2. New Lecturer and First Kiss
Kantin di suatu universitas kala itu memang terlihat ramai seperti biasanya. Banyak yang melakukan kegiatan melepas lapar dan dahaga, serta tak sedikit diantaranya para mahasiswa terebut yang bercengkerama dengan saling bercanda.
Namun untuk hari ini, Akito sama sekali tidak bernafsu makan walau telah membeli roti sandwich jumbo andalannya untuk mengisi perut.
Dirinya berpangku tangan sambil melamun, memikirkan kejadian beberapa hari yang lalu.
Setelah pertemuan perjodohan tersebut, keluarga mereka resmi memutuskan kalau keduanya bertunangan. Bahkan Akito mencoba untuk tak memikirkan perkataan Ieyasu ketika membuat janji taruhan.
Tidak mungkin dia bisa menaklukanku. Aku takkan biarkan itu terjadi, pikir Akito dengan kesal.
Akito menyakinkan diri kalau ia takkan tertarik padanya semudah itu.
Namun, pemuda tersebut hanya khawatir akan siasat apa saja yang dipakai oleh Ieyasu dalam melaksanakan tantangan tersebut.
Tiga bulan itu waktu yang cukup untuk melihat hasilnya.
Pilihannya ada dua; jatuh cinta pada Ieyasu dan melanjutkan perjodohan-atau Ieyasu yang gagal mendapatkannya dan membatalkan pertunangan.

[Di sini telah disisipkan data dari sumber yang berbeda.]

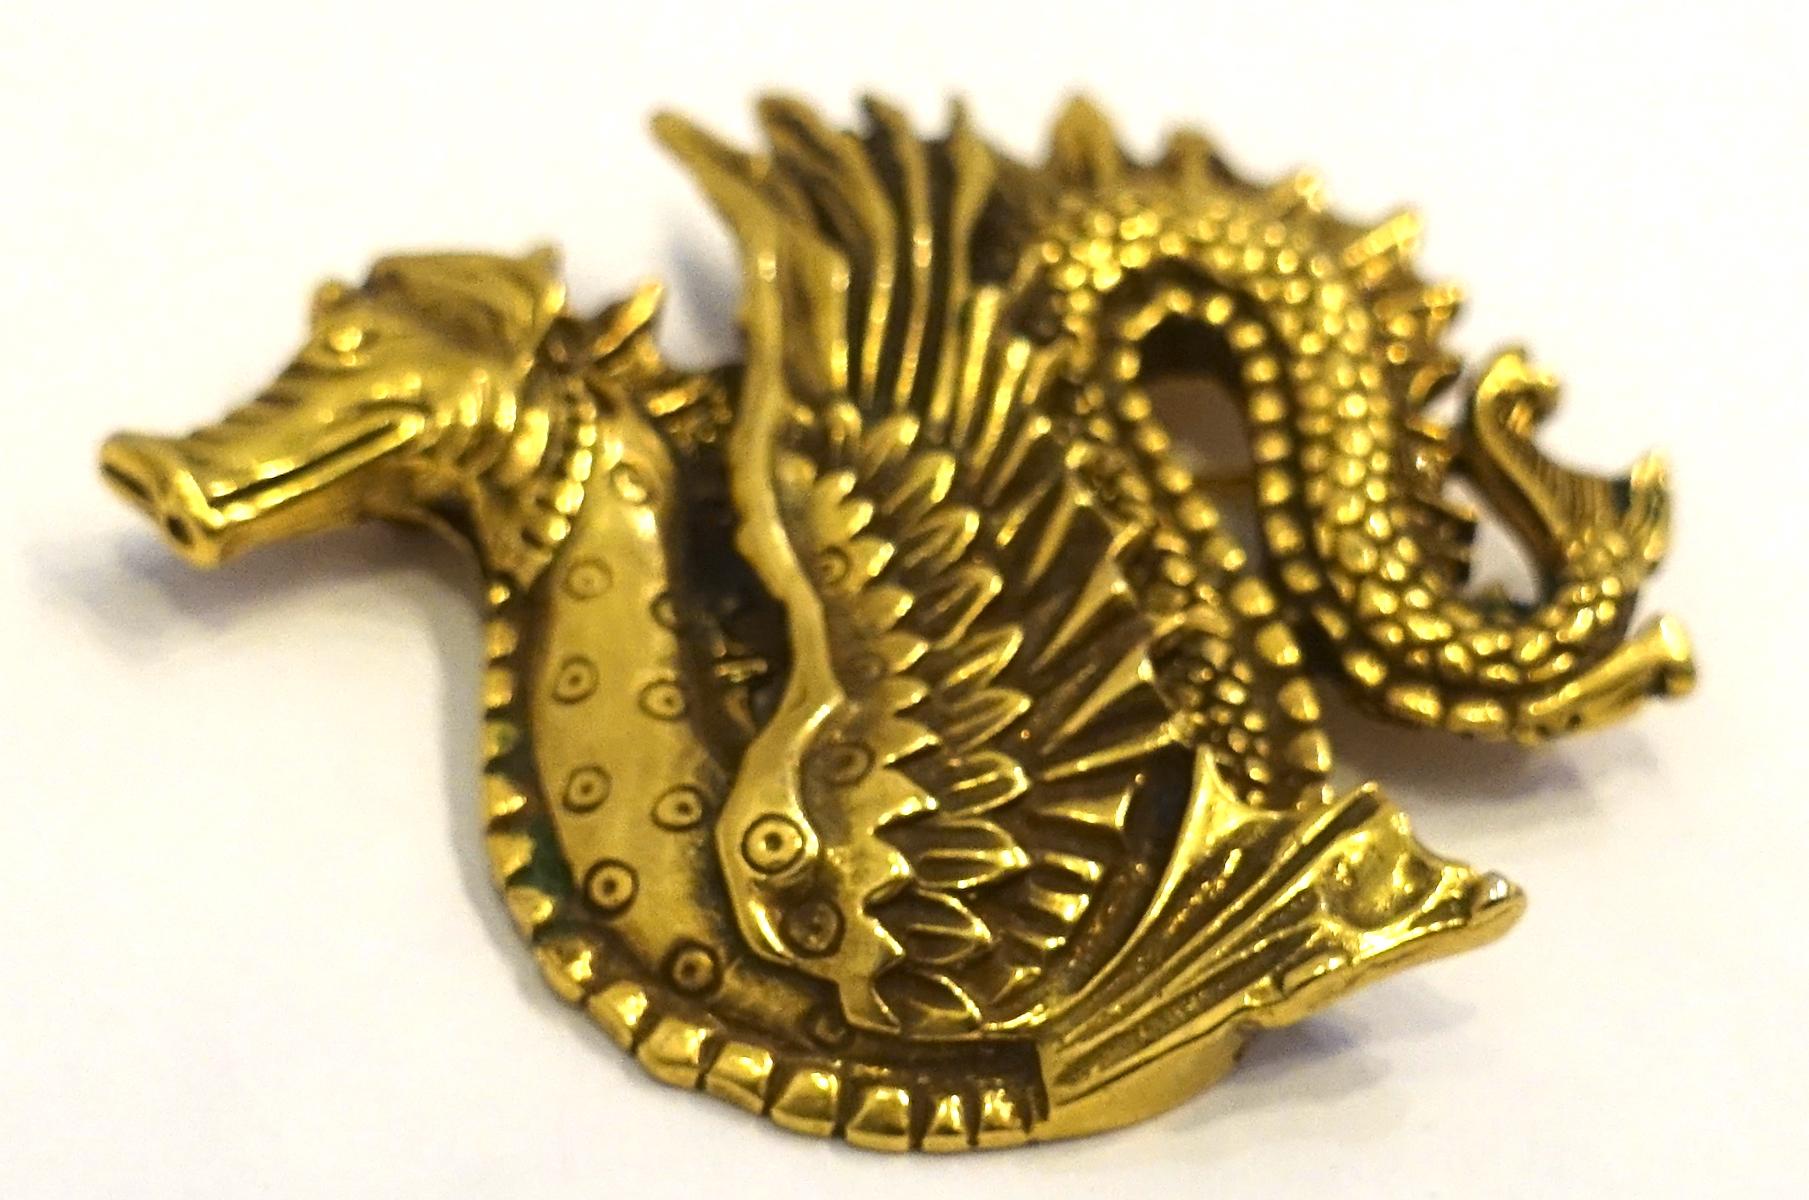 This vintage brooch is from the Museum of Modern Art and depicts a heavily carved dragon in a gold tone setting.  In excellent condition, this brooch measures 2-1/2” x 2” and is signed “MMA”.

Mulai sekarang Akito harus waspada untuk ke depannya.
Di saat pikirannya tengah melayang, sebuah tangan lain yang duduk bersamanya mencoba mengambil roti di meja. Namun sebelum dapat mencurinya, tangan orang tersebut ditampar lebih dahulu oleh Akito yang mengetahui gerak-geriknya, menyebabkan keluarnya ringisan dari sang pemilik tangan.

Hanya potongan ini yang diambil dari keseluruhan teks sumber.